> **ACTION ITEM**
Skipping any pictures, give all of the records below again exactly.

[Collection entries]

==========

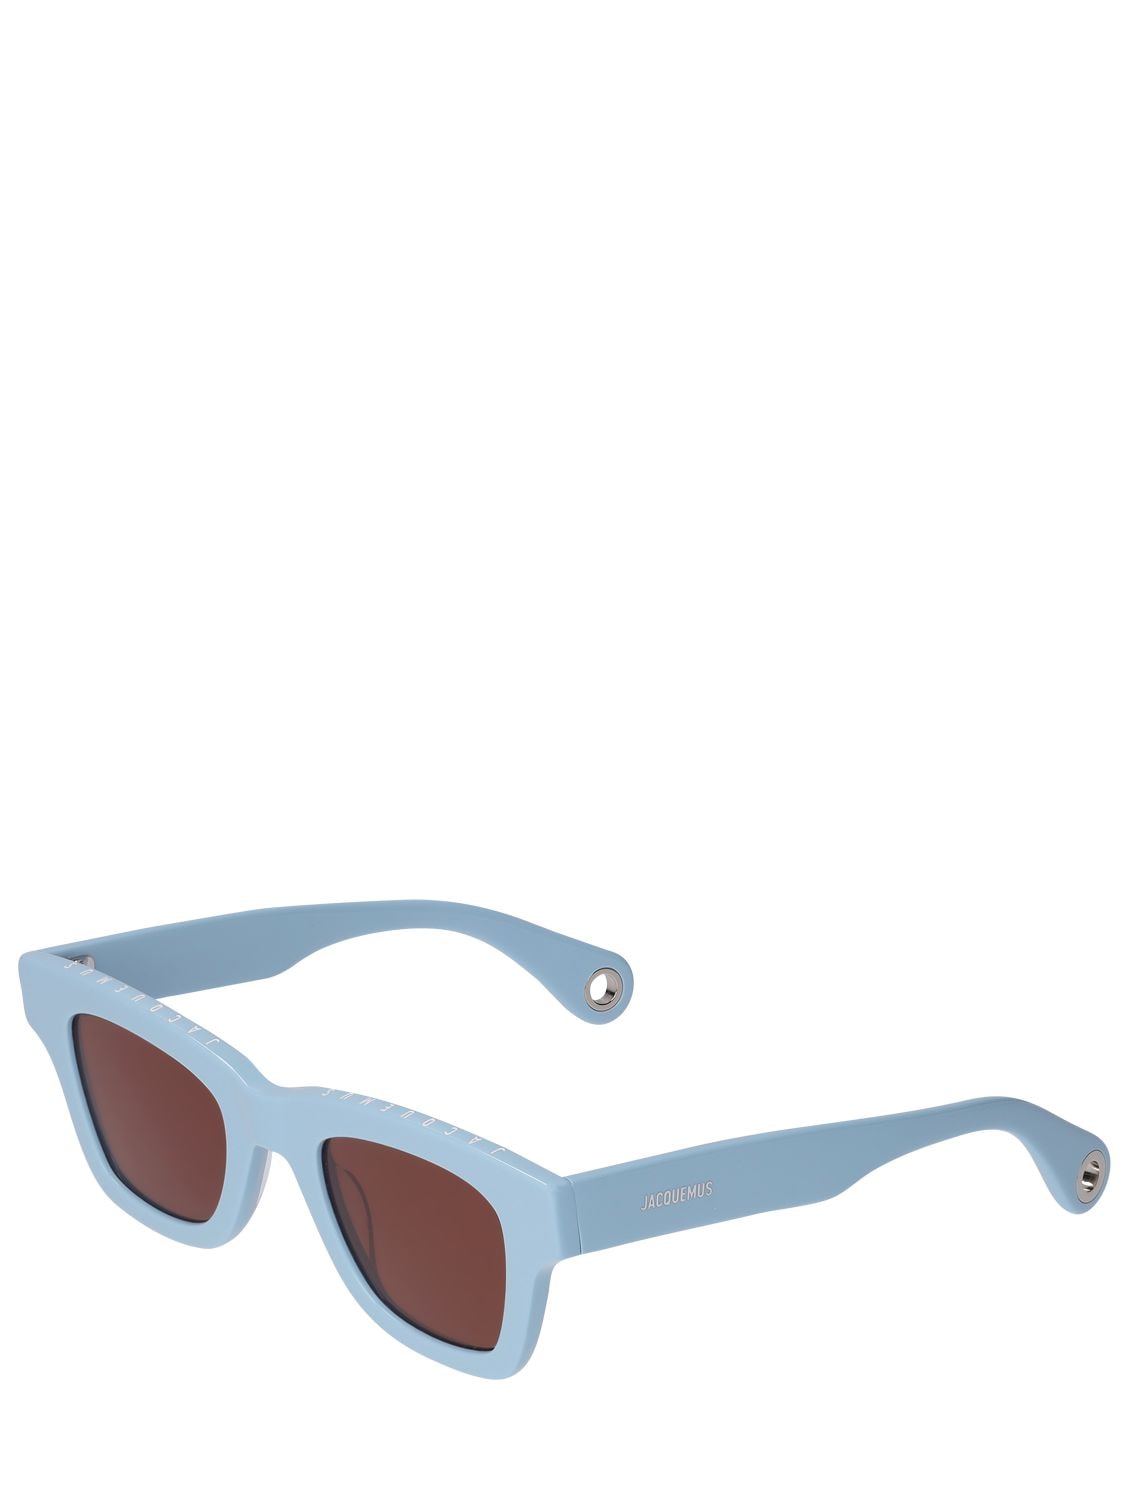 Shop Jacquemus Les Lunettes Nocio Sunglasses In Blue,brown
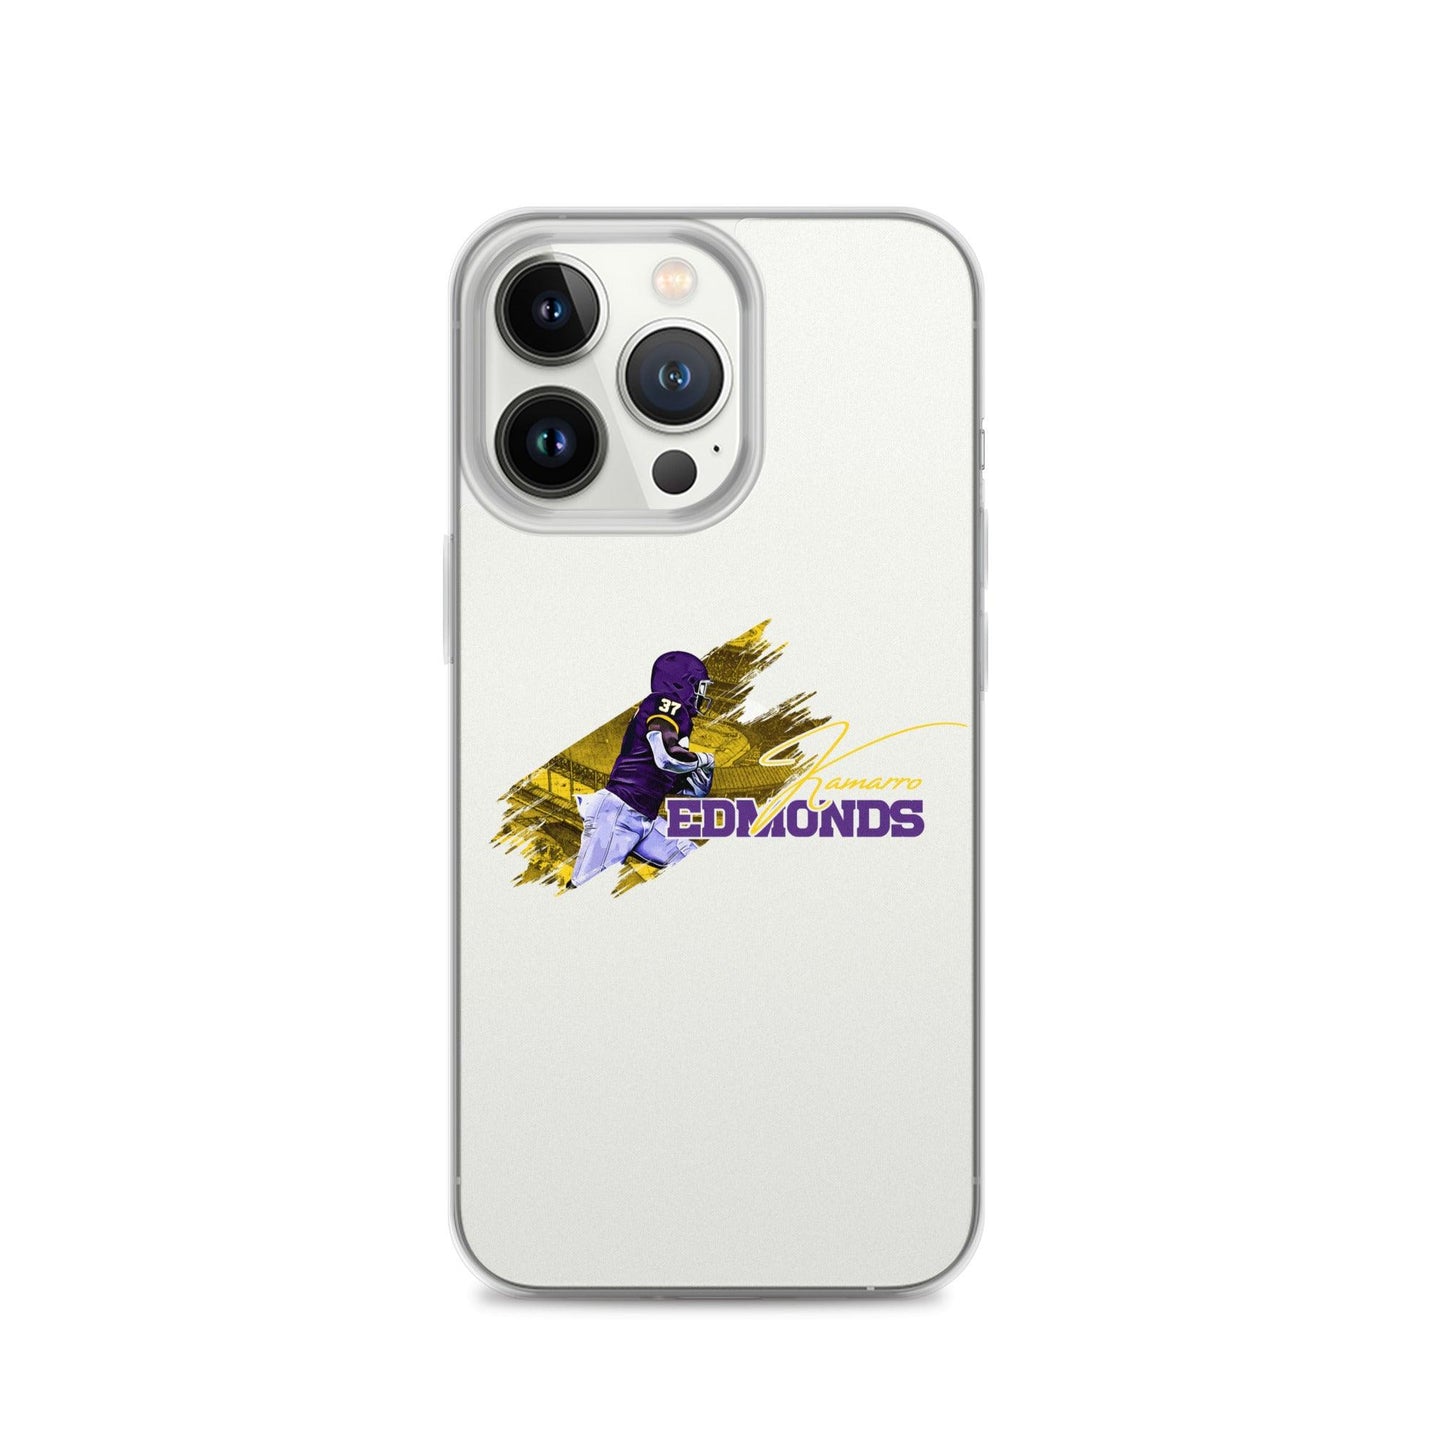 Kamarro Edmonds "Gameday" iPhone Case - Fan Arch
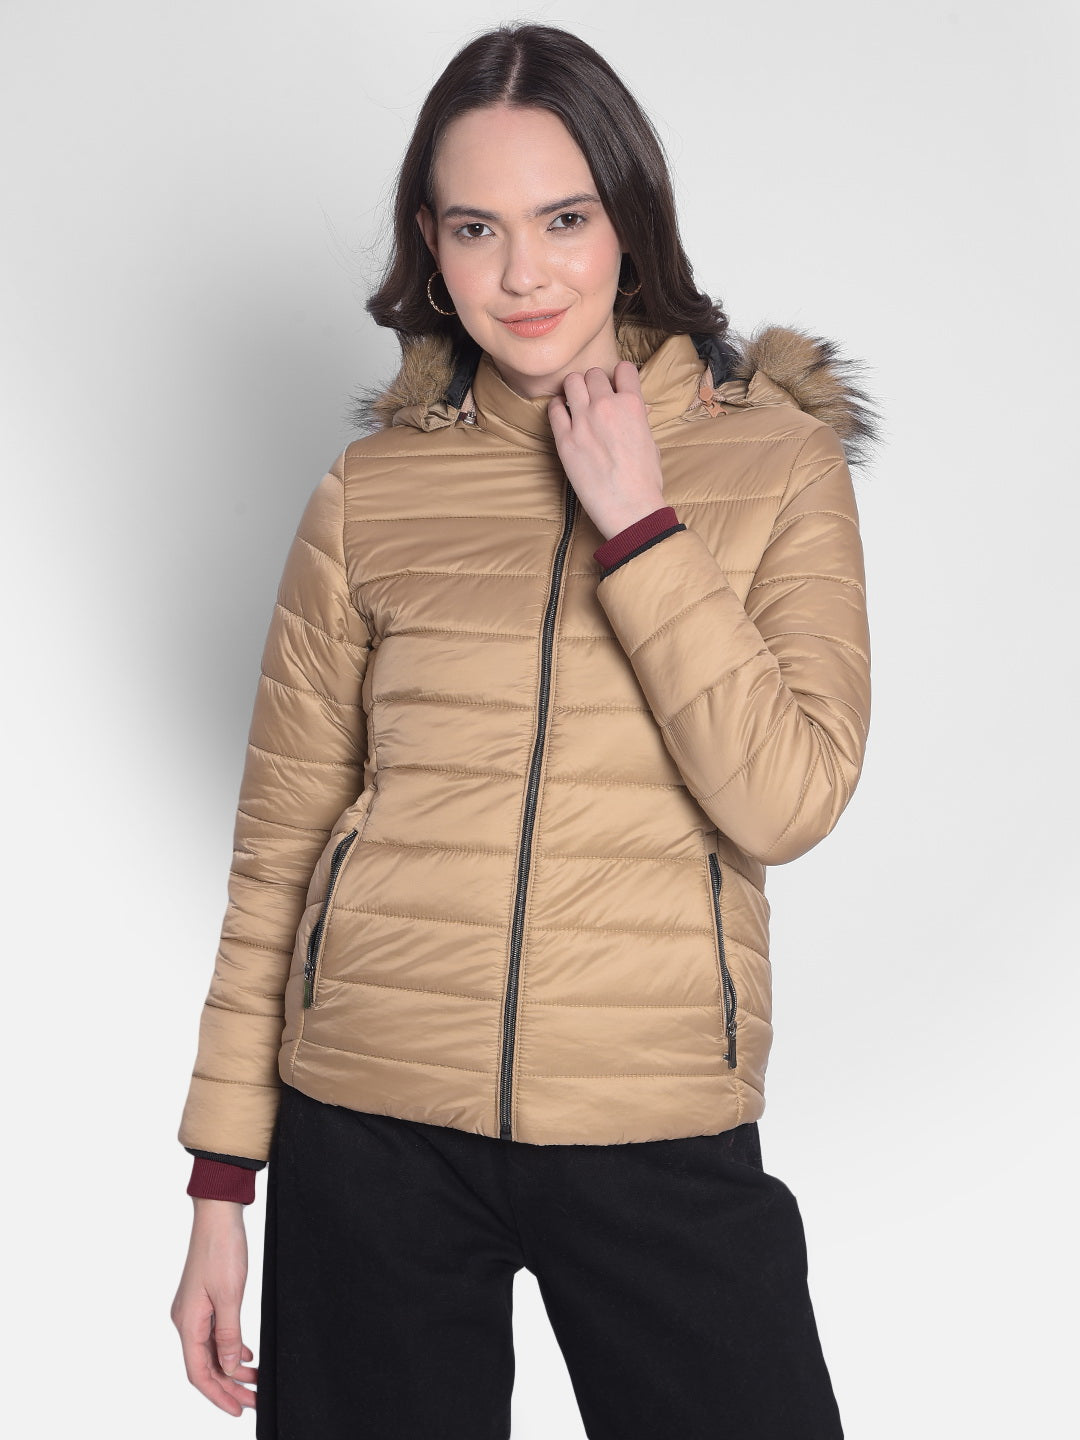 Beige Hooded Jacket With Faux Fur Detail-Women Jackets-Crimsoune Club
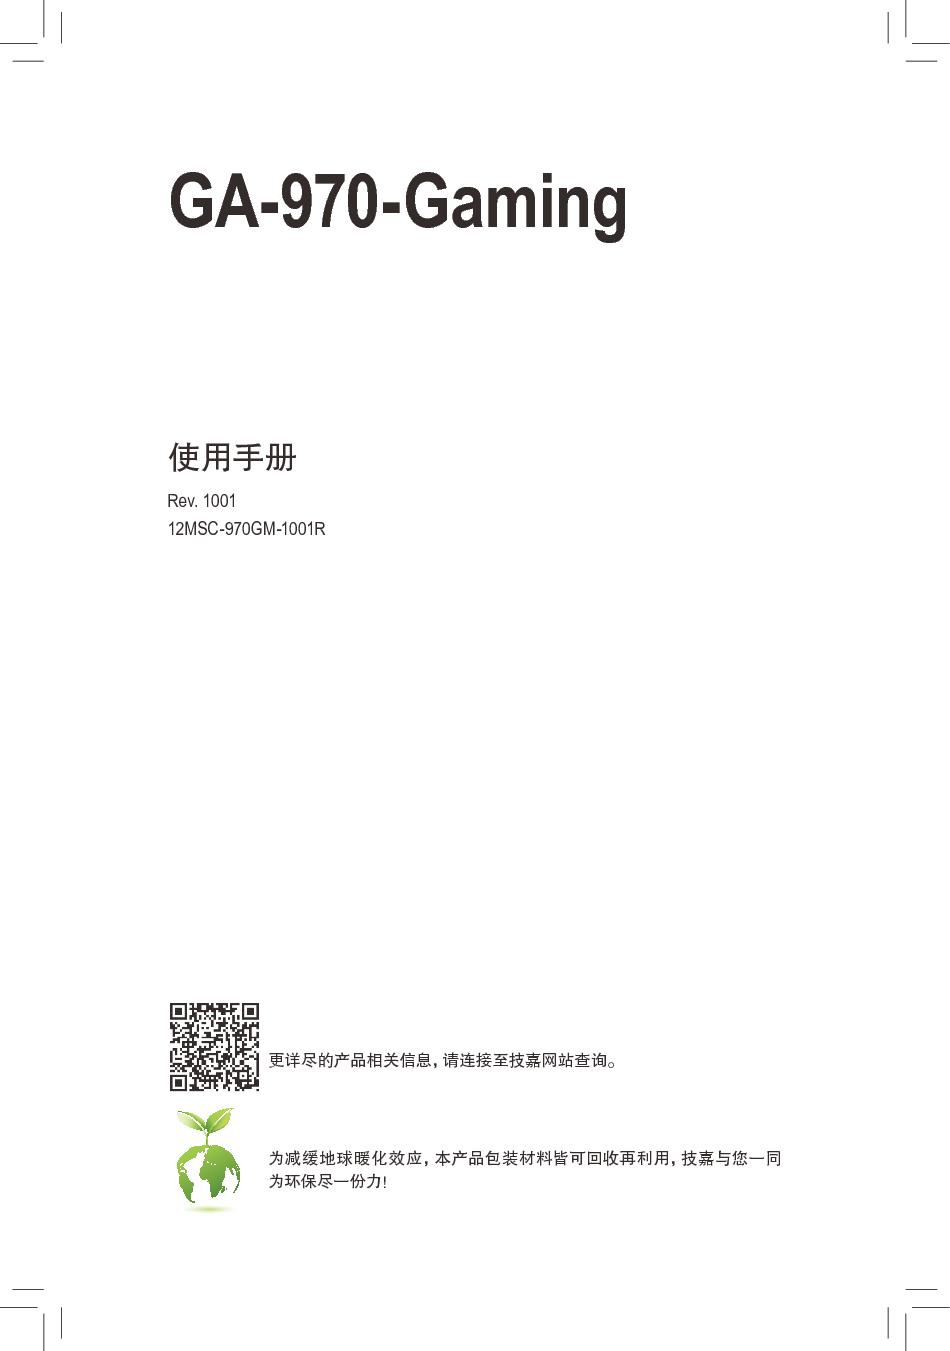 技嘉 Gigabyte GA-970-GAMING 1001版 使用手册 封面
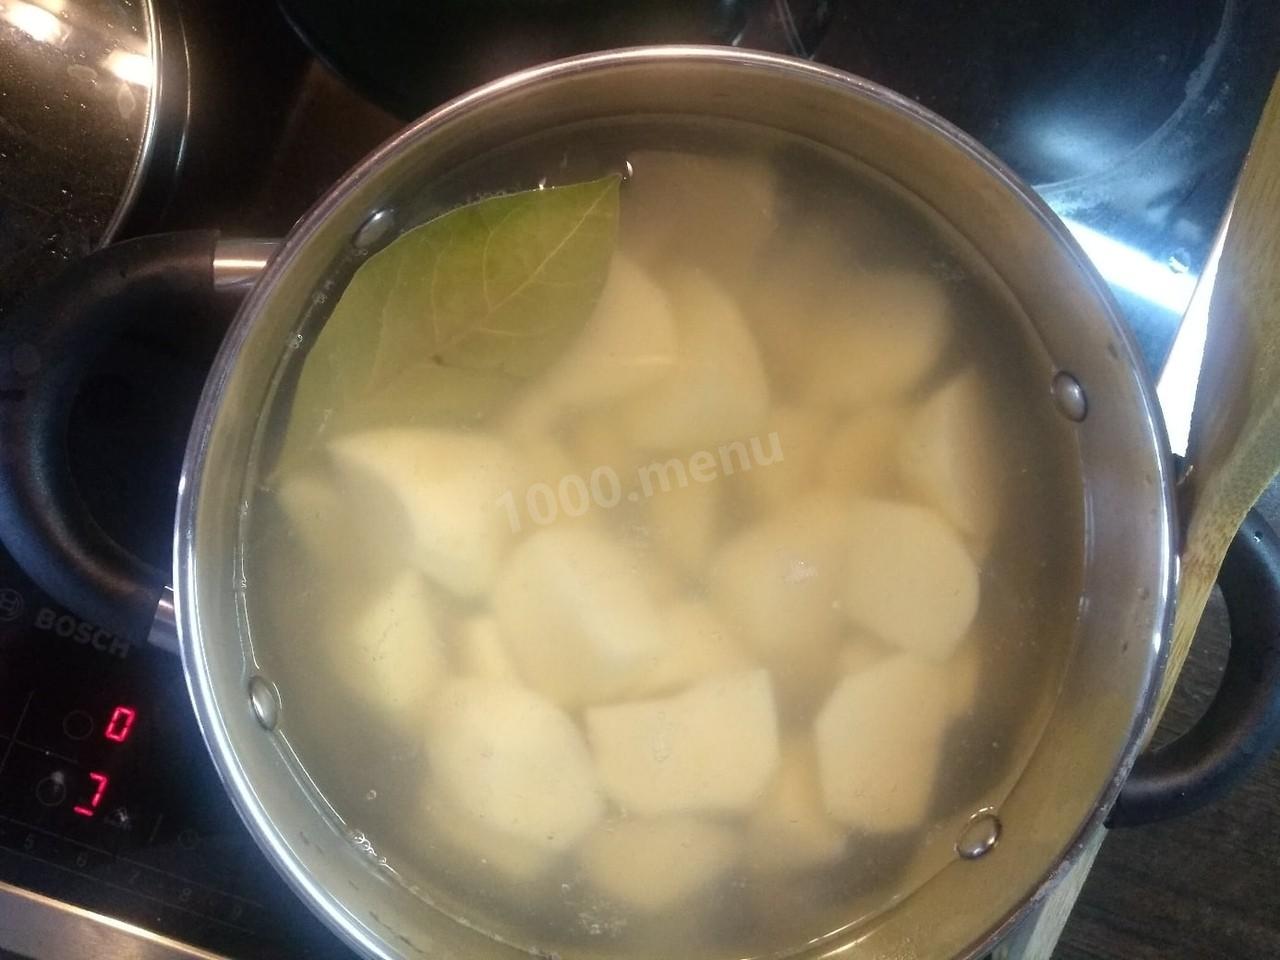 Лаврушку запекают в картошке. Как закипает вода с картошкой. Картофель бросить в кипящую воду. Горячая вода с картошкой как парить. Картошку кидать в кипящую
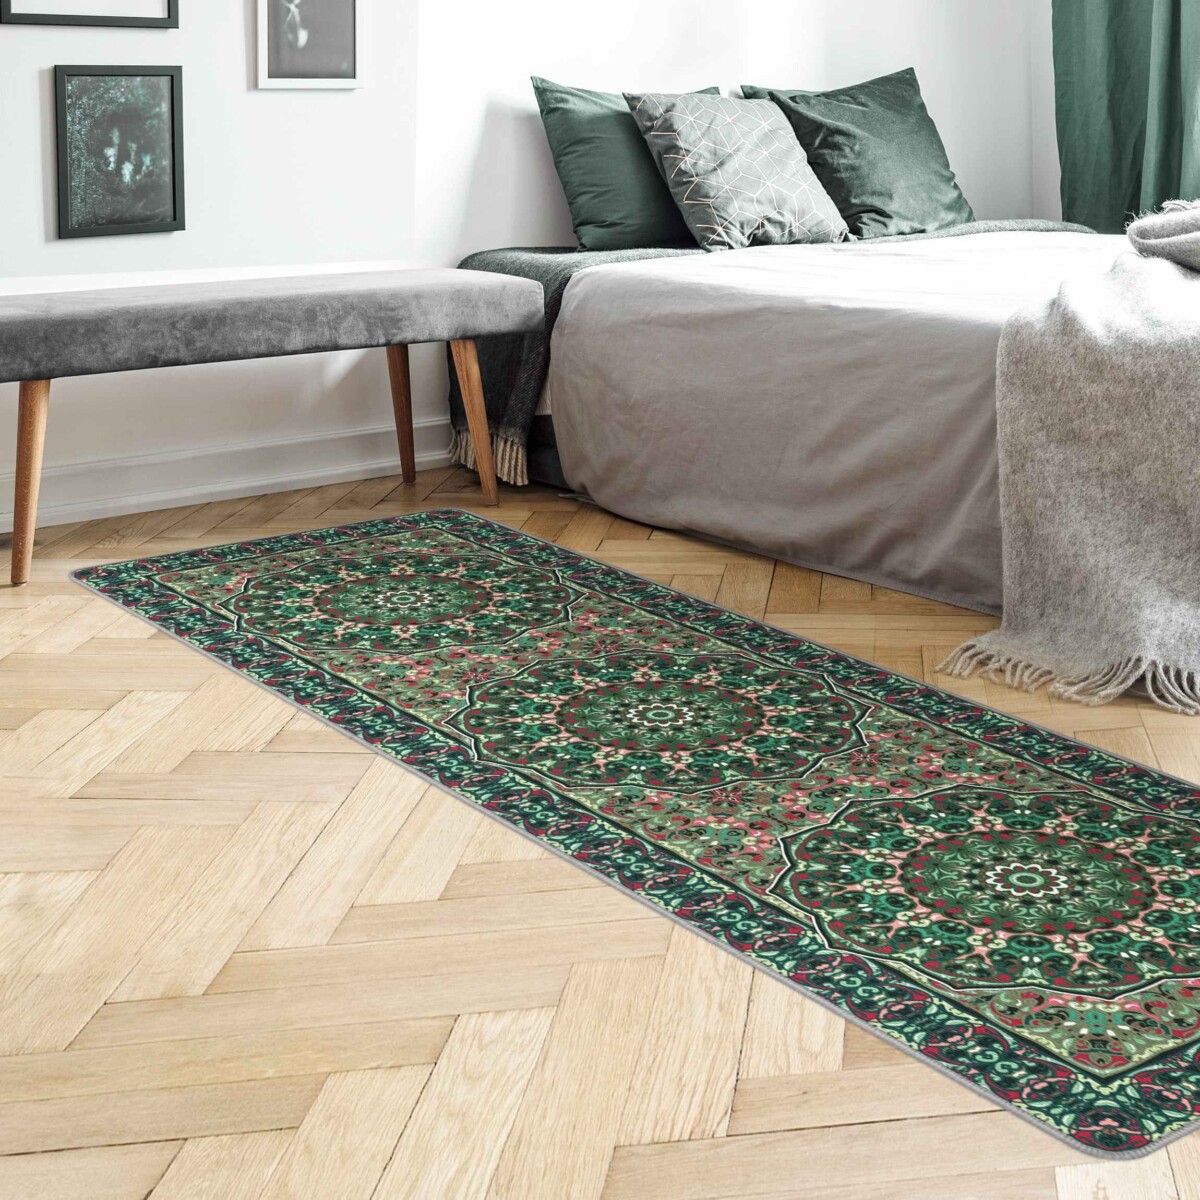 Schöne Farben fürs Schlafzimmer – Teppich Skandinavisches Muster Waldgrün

==========

> **ANSWER BOX**
 Shop Jacquemus Les Lunettes Nocio Sunglasses In Blue,brown
 Kamarro Edmonds "Gameday" iPhone Case - Fan Arch
 Beige Hooded Jacket With Faux Fur Detail-Women Jackets-Crimsoune Club
 技嘉 Gigabyte GA-970-GAMING 1001版 使用手册 封面
 Лаврушку запекают в картошке. Как закипает вода с картошкой. Картофель бросить в кипящую воду. Горячая вода с картошкой как парить. Картошку кидать в кипящую
 Schöne Farben fürs Schlafzimmer – Teppich Skandinavisches Muster Waldgrün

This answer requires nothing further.